Suppose $A$ is a $n \times n$ matrix i.e. $A \in \mathbb{C}^{n \times n}$, prove that rank($A^{n+1}$) = rank($A^n$). In other words, I need to prove that their range spaces or null spaces are equal. If it helps, $A$ is a singular matrix.
Note that, I don't want to use Jordan blocks to prove this. Is it possible to prove this without using Jordan form? I can use Schur's triangularization theorem. Also, it's not known if A is diagonalizable.
$\newcommand{\rg}{\operatorname{range}}$
Obviously for every $m$, $\rg A^{m+1}\subset\rg A^{m}$, so if $d_m=\dim\rg A^m$, $d_{m+1}\le d_m$. If $d_{m+1}=d_m$ for some $m$, then $\rg A^{m+1}=\rg A^{m}$ and therefore $\rg A^m=\rg A^{m+1}=\rg A^{m+2}=\dotsb{}$. That is, the sequence $d_0,d_1,\dots$ becomes constant once it stops descending.
Because $d_0= n$, the sequence must stop descending within $n$ terms.
Edit: For the problem you phrased in the comment, $\rg A^{m+1}=\{AA^{m}y:y\in \mathbb C^n\}=\{Ax:x=A^my\in\rg A^m\}=\{Ax:x\in\rg A^m\}$,
Therefore $\rg A^{m}=\rg A^{m+1}\implies$
$\rg A^{m+1}=\{Ax:x\in\rg A^m\}=\{Ax:x\in\rg A^{m+1}\}=\rg A^{m+2}$.
Hint
You can prove that for $k \ge 0$ $$\mathrm{rank}(A^{k+2}) - \mathrm{rank}(A^{k+1}) \le \mathrm{rank}(A^{k+1}) - \mathrm{rank}(A^{k})$$
Therefore, $$\mathrm{rank}(A^{n+1}) < \mathrm{rank}(A^{n})$$ would imply the contradiction $\mathrm{rank}(A) \gt n$.
All does depend on $n$. So this is a nice case for complete induction over n.
n=1: A=a real or complex and nonzero. $Rank(A)=1=Rank(A^{n=1})=n=1=rank(a^2)=rank(A^2)=rank(A^{n+1})$
For $n$ natural the hyptheses is $true$.
For $n+1$ A change exactly in one row or column to the case $n$. This row or column can be either but not linear dependent on the other making up the A for $n$. The implies implicitly the at least one element in the column or row is nonzero exactly in the dimension added to A for $n$.
We can now uses some of the equivalent definitions for the $rank$ of a square matrix.

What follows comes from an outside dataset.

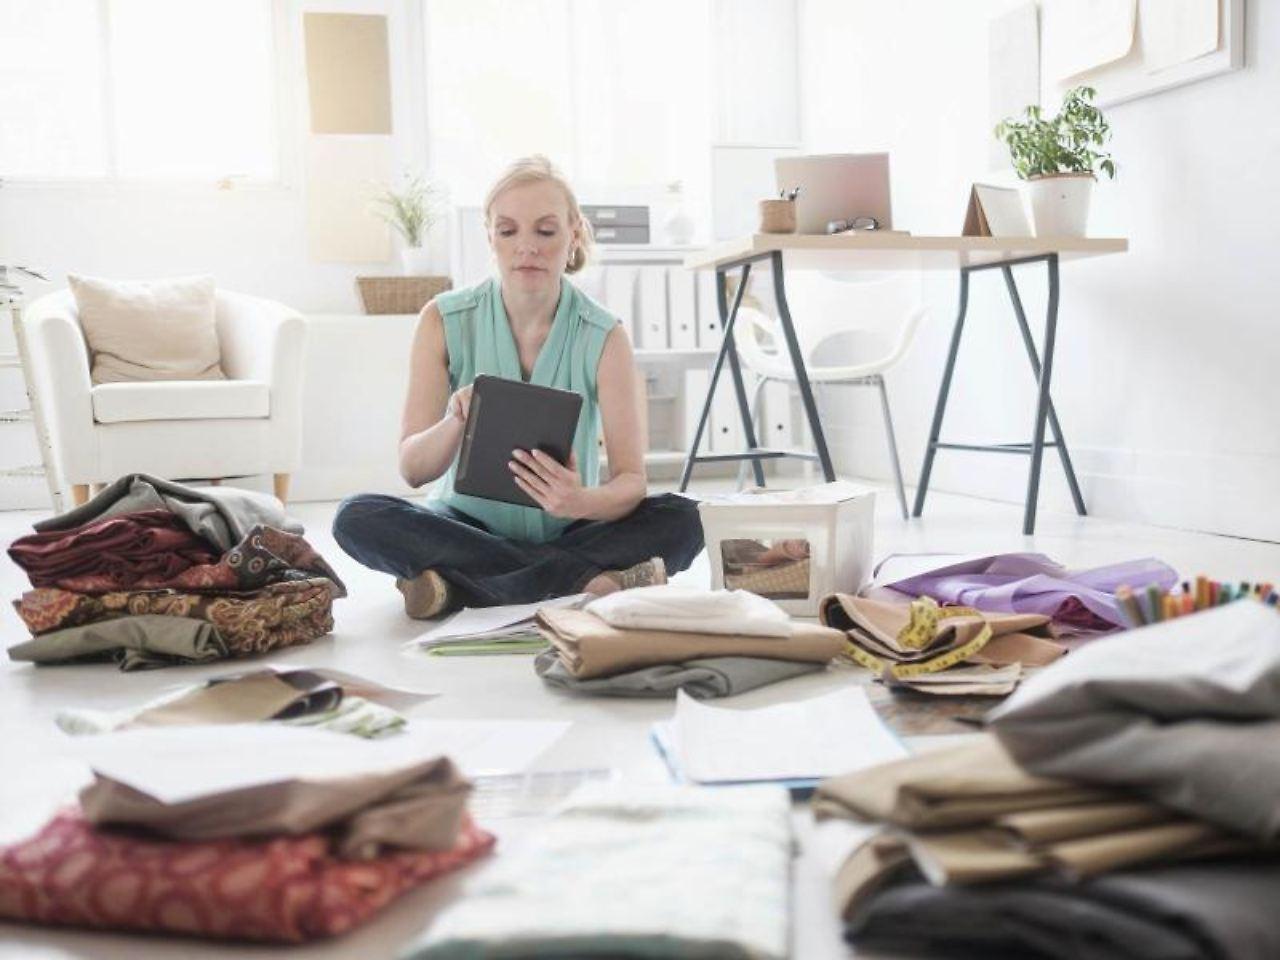 Zu Hause arbeiten: Gewerbliche Nutzung nur mit Erlaubnis? - n-tv.de

With restrict to generality the added row or column has only one nonzero element. This acts as a factor for example in the determinate development or is a new eigenvalue or the matrix A for $n+1$. So the determinante is nonzero at least in that development because we have a nonzero value and the knowledge that the determinant of our A for $n$ is nonzero and $rank(A)=n$.
The main idea for the induction step is ring of matrice rank or Rankconserse by multiplication of a nonsingular matrix in general a $A$ itself specially. Matrices with nonzero $rank$ preserve the rank under multiplication. The multiplication under consideration is commutative because we only multiply A. That is another indicator for our hypotheses for $n+1$. Eigenvalues and Schur decomposition are closely related. One of the matrices in the Schur decomposition is an upper triangle matrice. So increasing the dimension from $n$ to $n+1$ simply adds another last if the last row and column in a unite vector with only a value in the new dimension.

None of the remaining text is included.